## Supplied data:
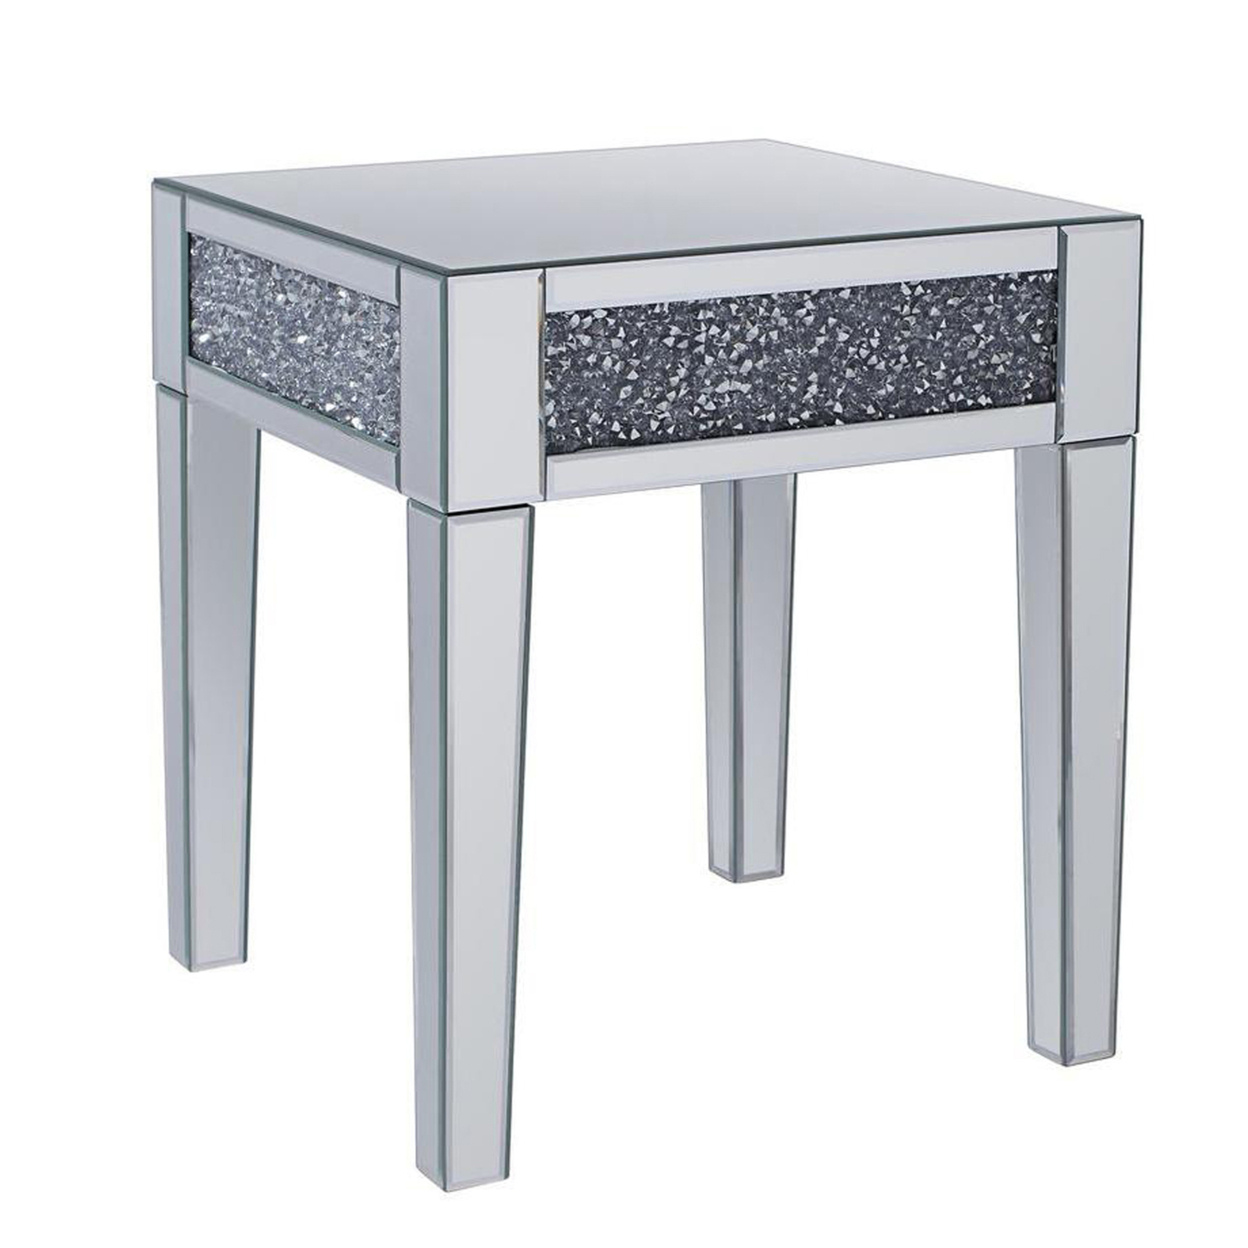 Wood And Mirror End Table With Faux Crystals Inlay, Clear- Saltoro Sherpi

==

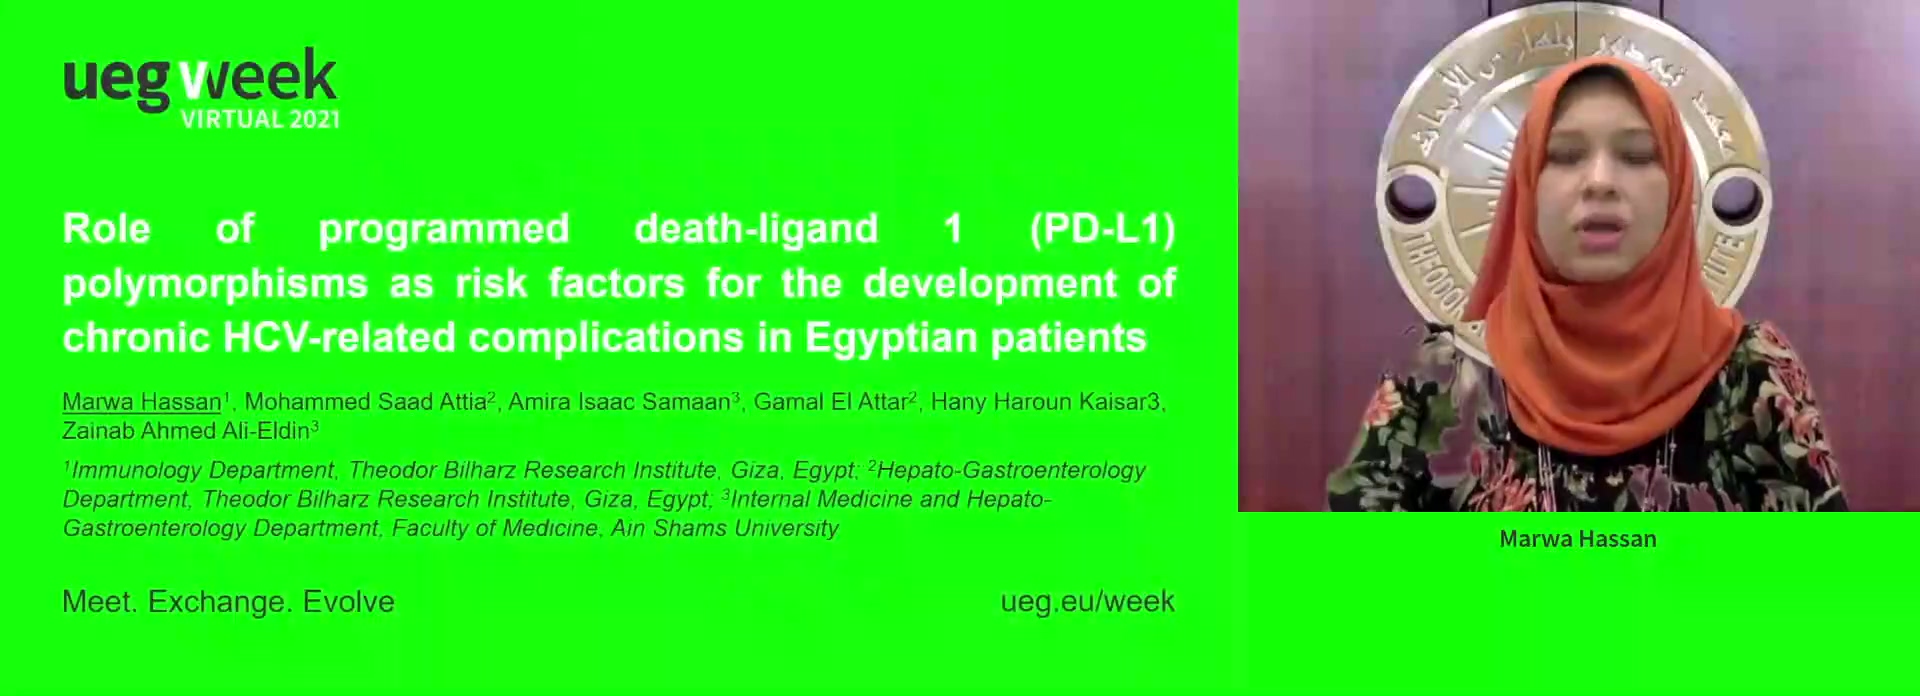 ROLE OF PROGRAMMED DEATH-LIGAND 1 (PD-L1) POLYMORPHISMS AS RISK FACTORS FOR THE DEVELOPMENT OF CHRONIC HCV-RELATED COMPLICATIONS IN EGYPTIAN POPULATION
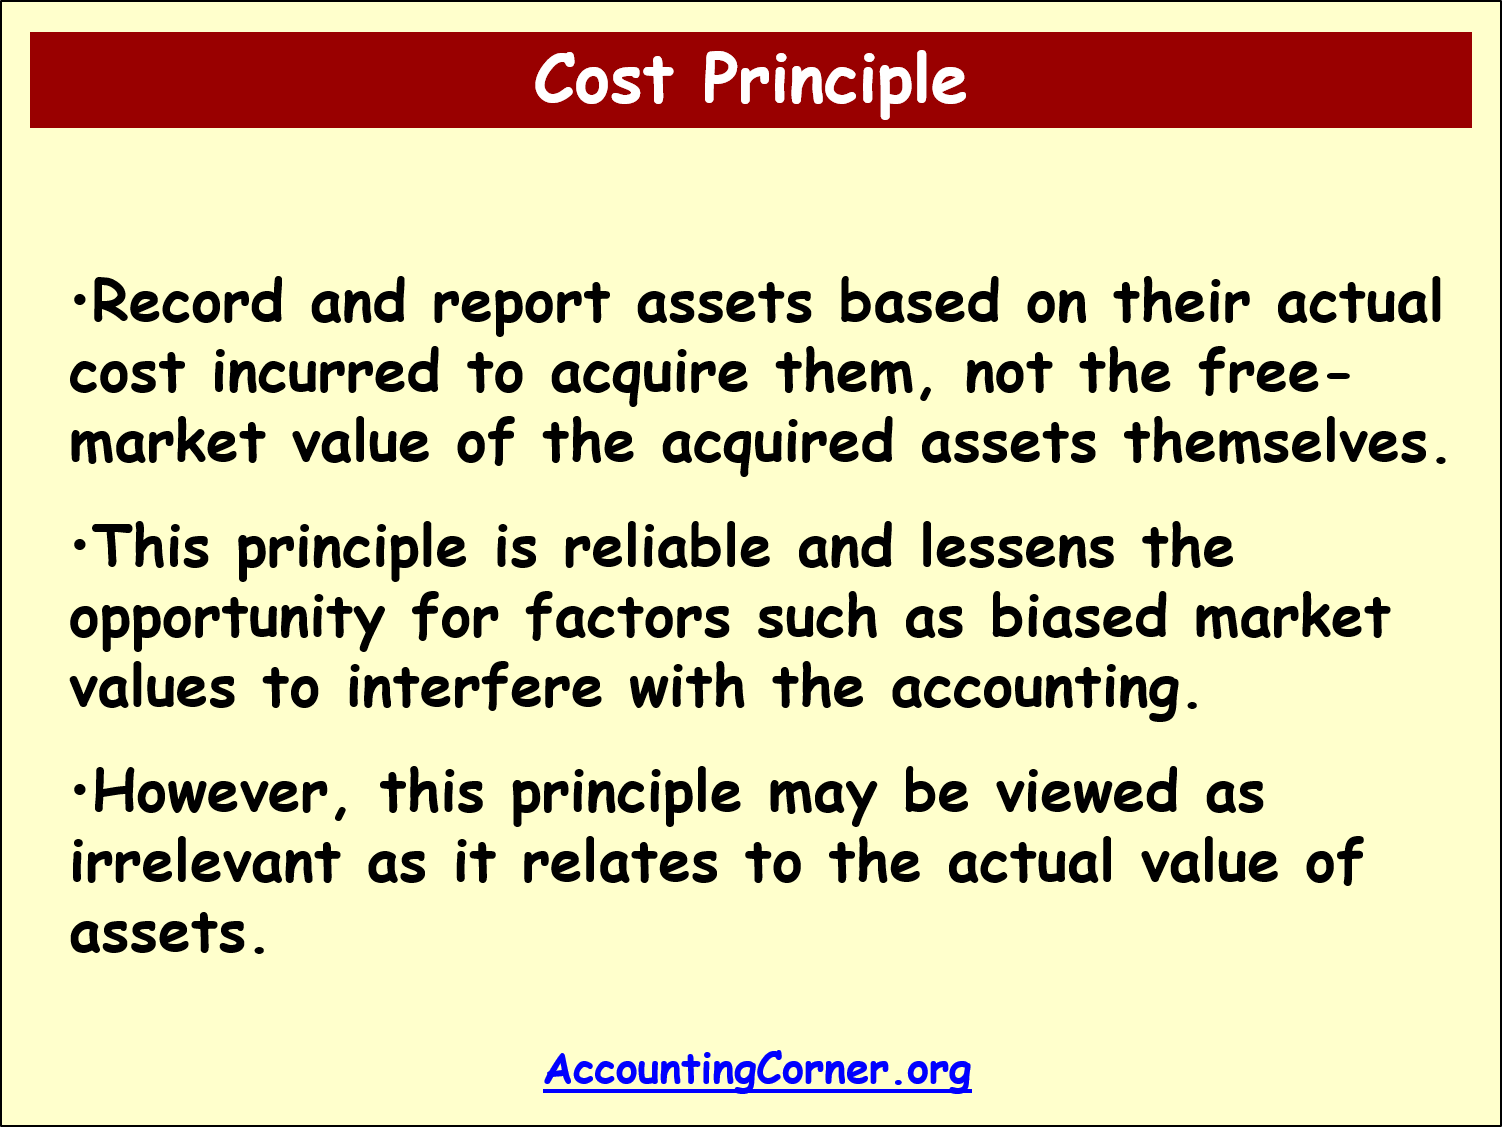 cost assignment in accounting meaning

## What is being asked:
Above is the material; set down exactly its lines from the one containing "ROLE OF PROGRAMMED" down to the one containing "cost assignment in accounting meaning", both included, leaving out any pictures.

## Written reply:
 ROLE OF PROGRAMMED DEATH-LIGAND 1 (PD-L1) POLYMORPHISMS AS RISK FACTORS FOR THE DEVELOPMENT OF CHRONIC HCV-RELATED COMPLICATIONS IN EGYPTIAN POPULATION
 cost assignment in accounting meaning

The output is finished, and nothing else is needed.